▶ Required action: A faithful copy of the data is the goal; set it down exactly, without the images.

▶ Supplied material:
......
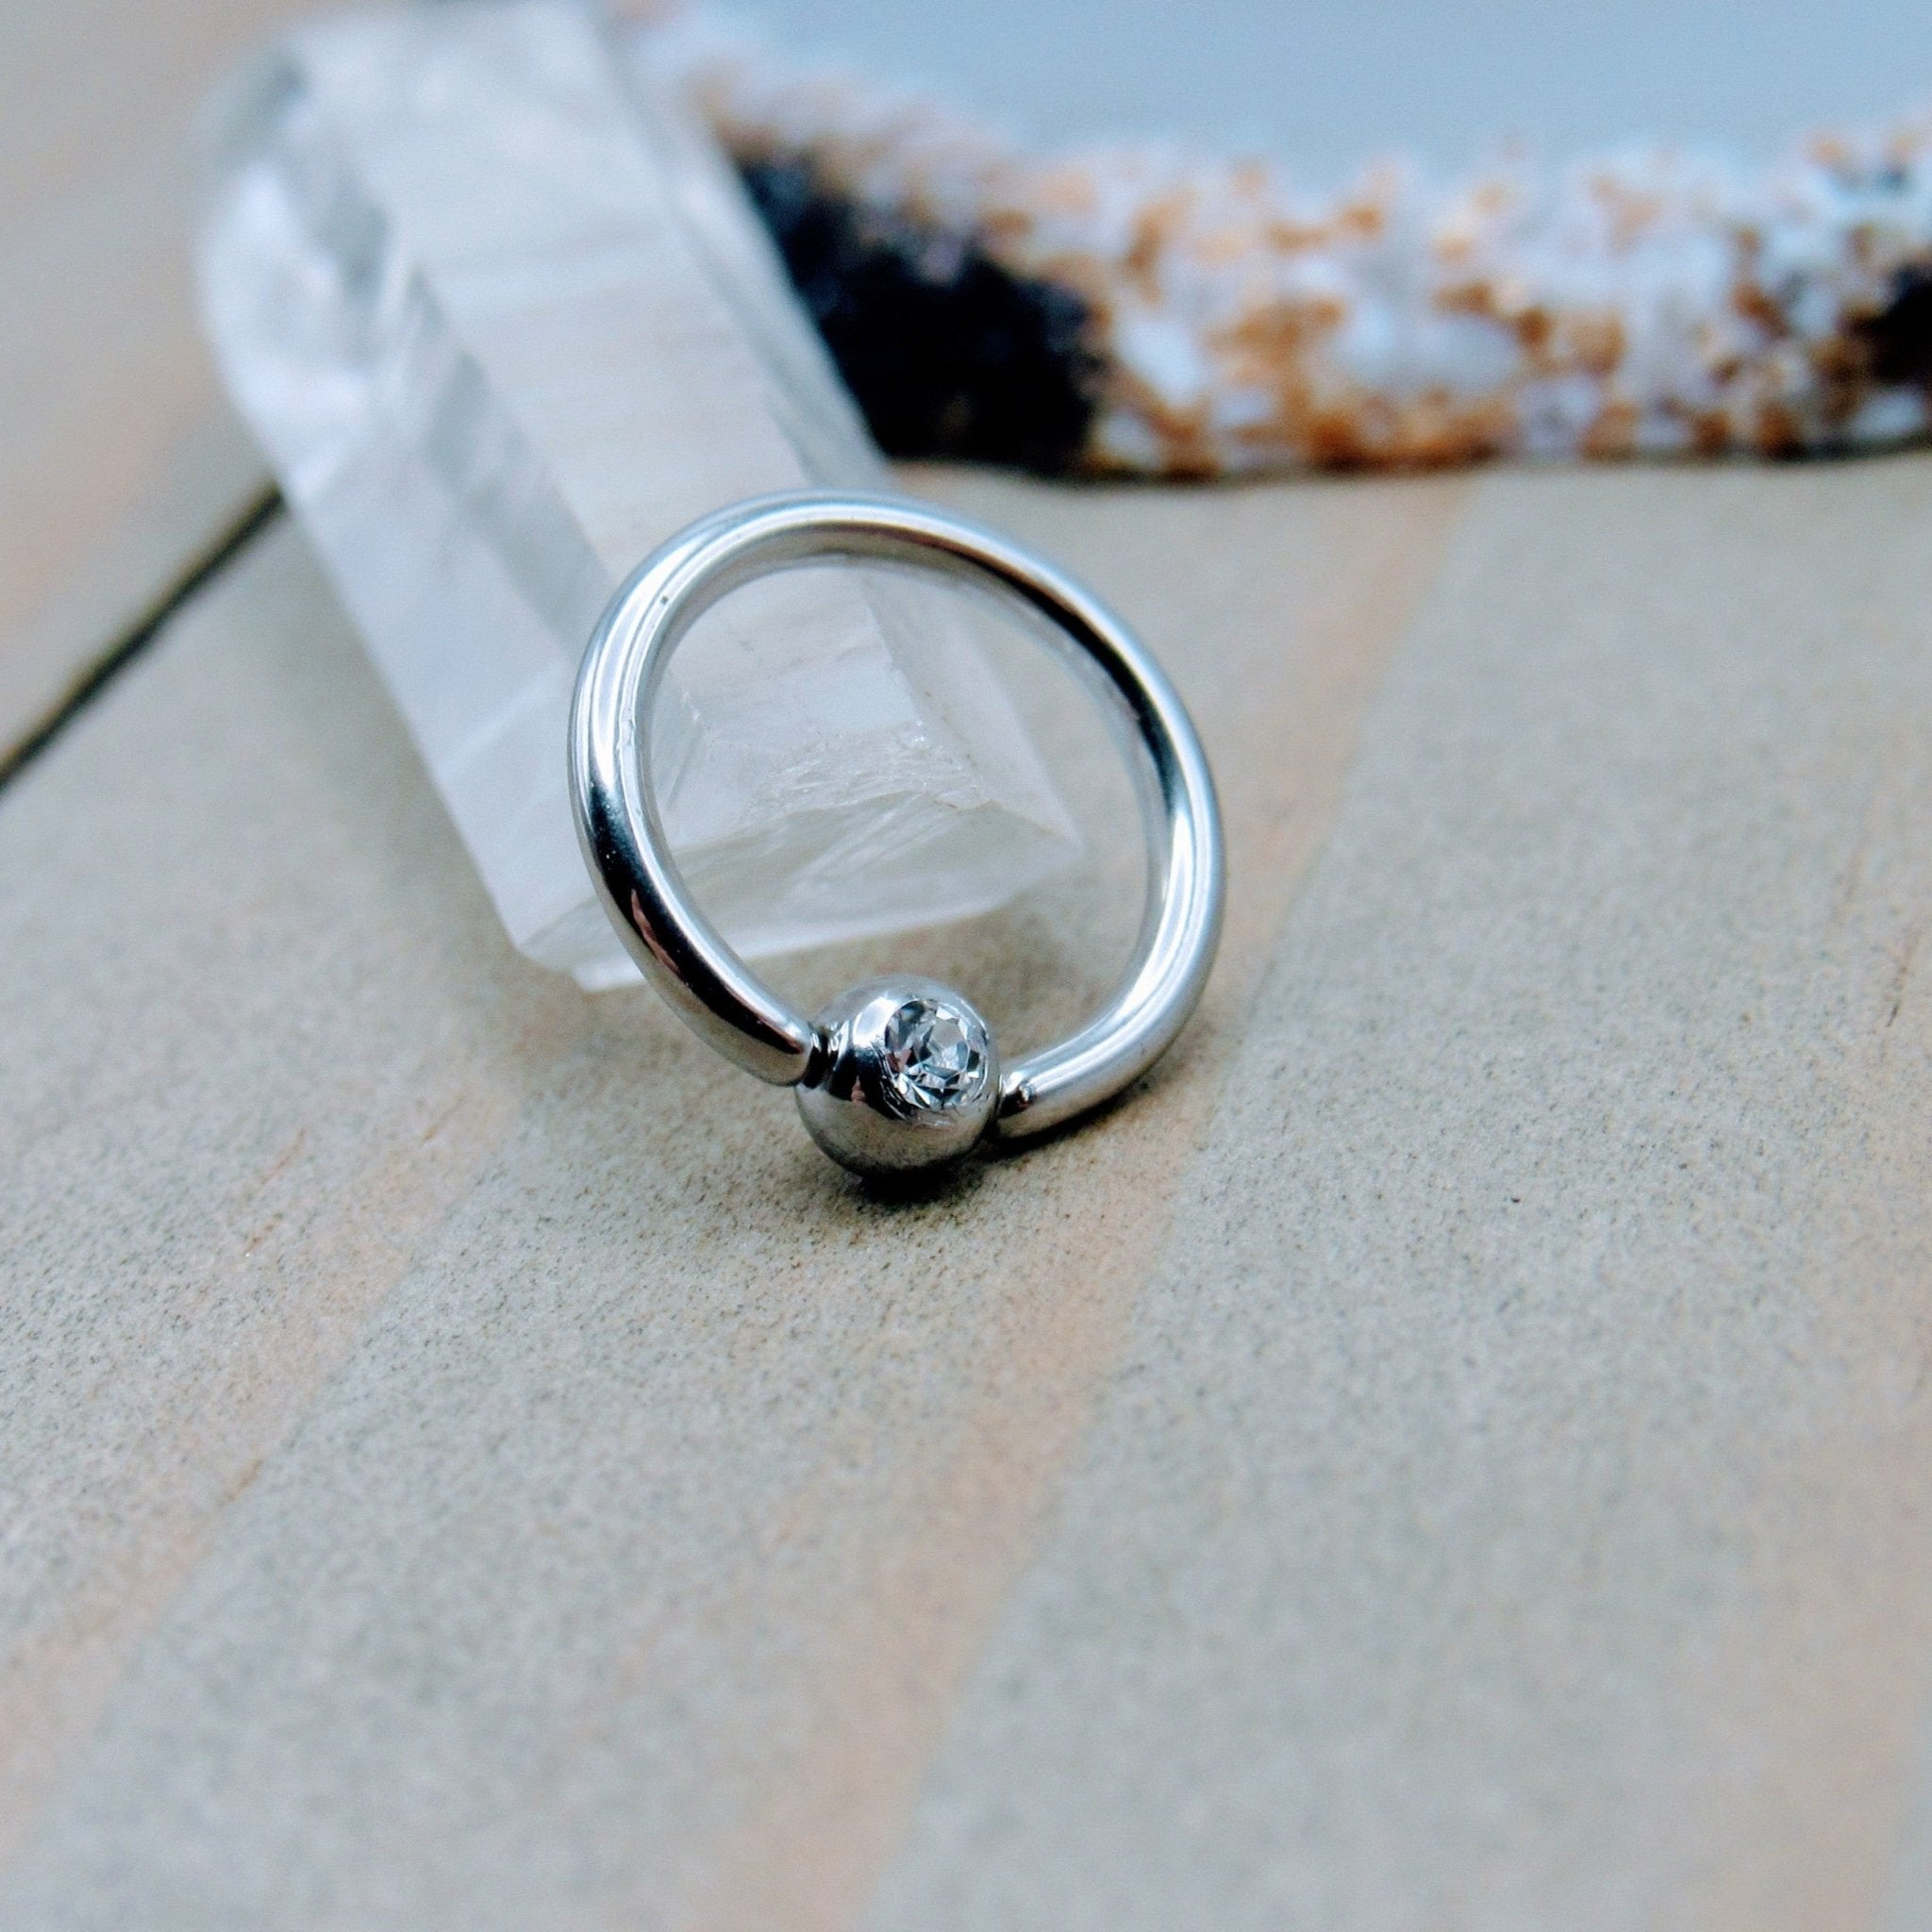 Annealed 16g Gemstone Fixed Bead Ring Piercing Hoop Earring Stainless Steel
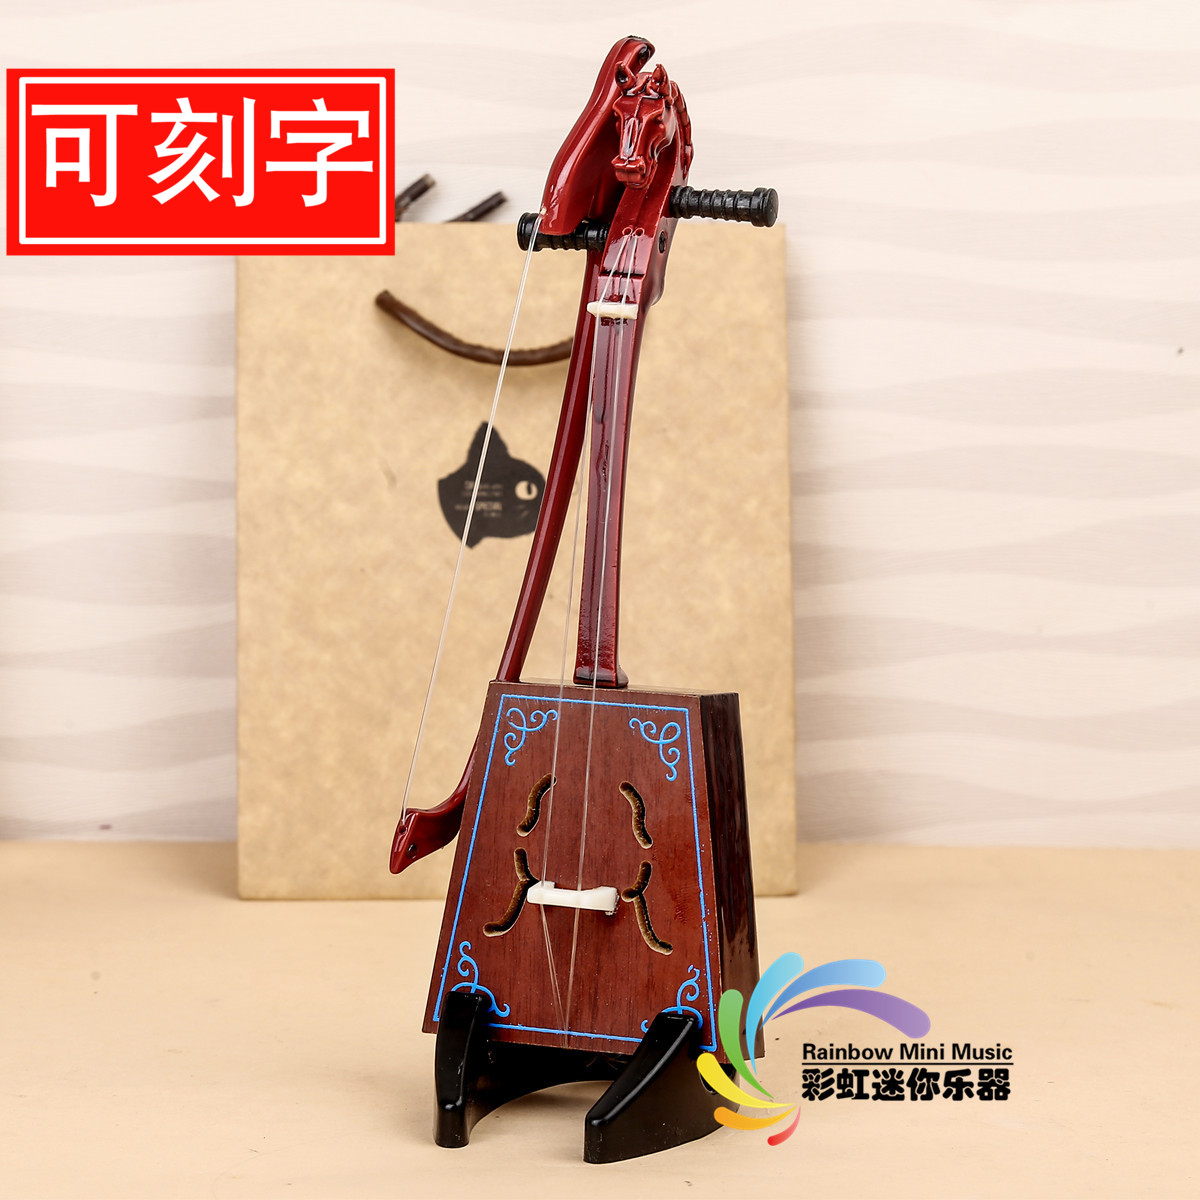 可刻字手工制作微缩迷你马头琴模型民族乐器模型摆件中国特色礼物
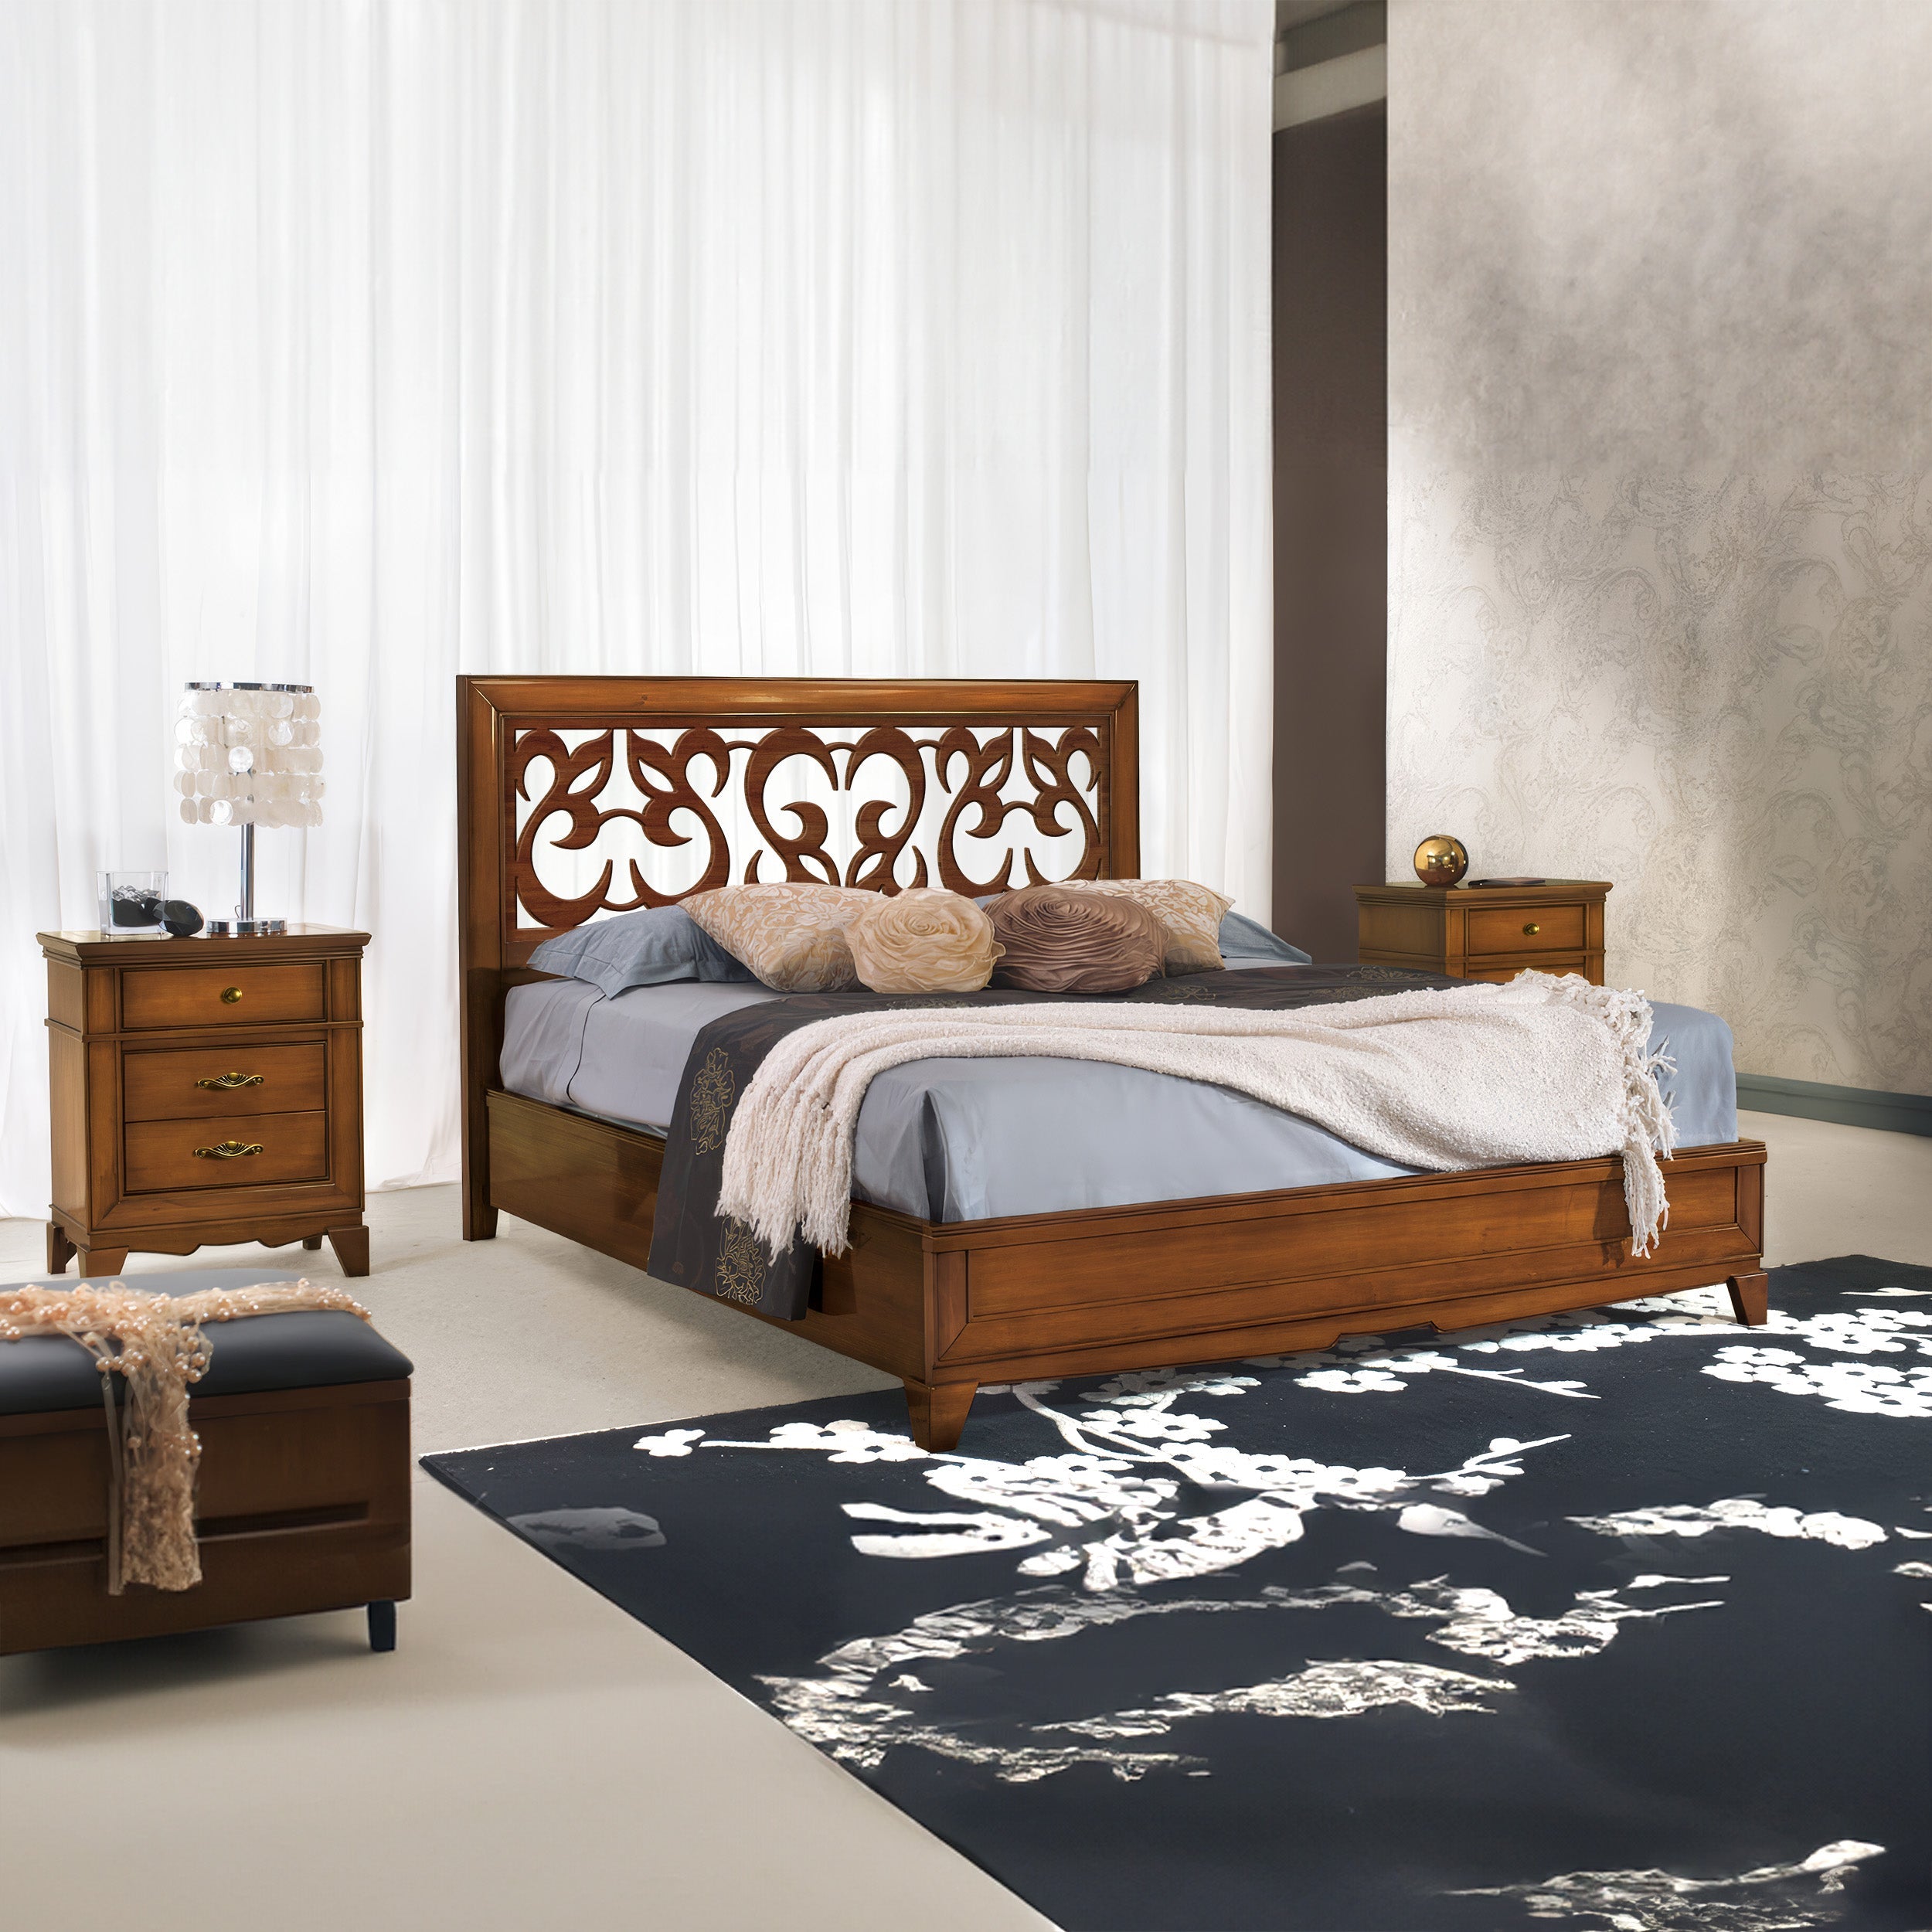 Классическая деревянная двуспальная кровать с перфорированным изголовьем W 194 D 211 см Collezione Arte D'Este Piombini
......
▶ Answer to this task:
 Annealed 16g Gemstone Fixed Bead Ring Piercing Hoop Earring Stainless Steel
 可刻字手工制作微缩迷你马头琴模型民族乐器模型摆件中国特色礼物
 Классическая деревянная двуспальная кровать с перфорированным изголовьем W 194 D 211 см Collezione Arte D'Este Piombini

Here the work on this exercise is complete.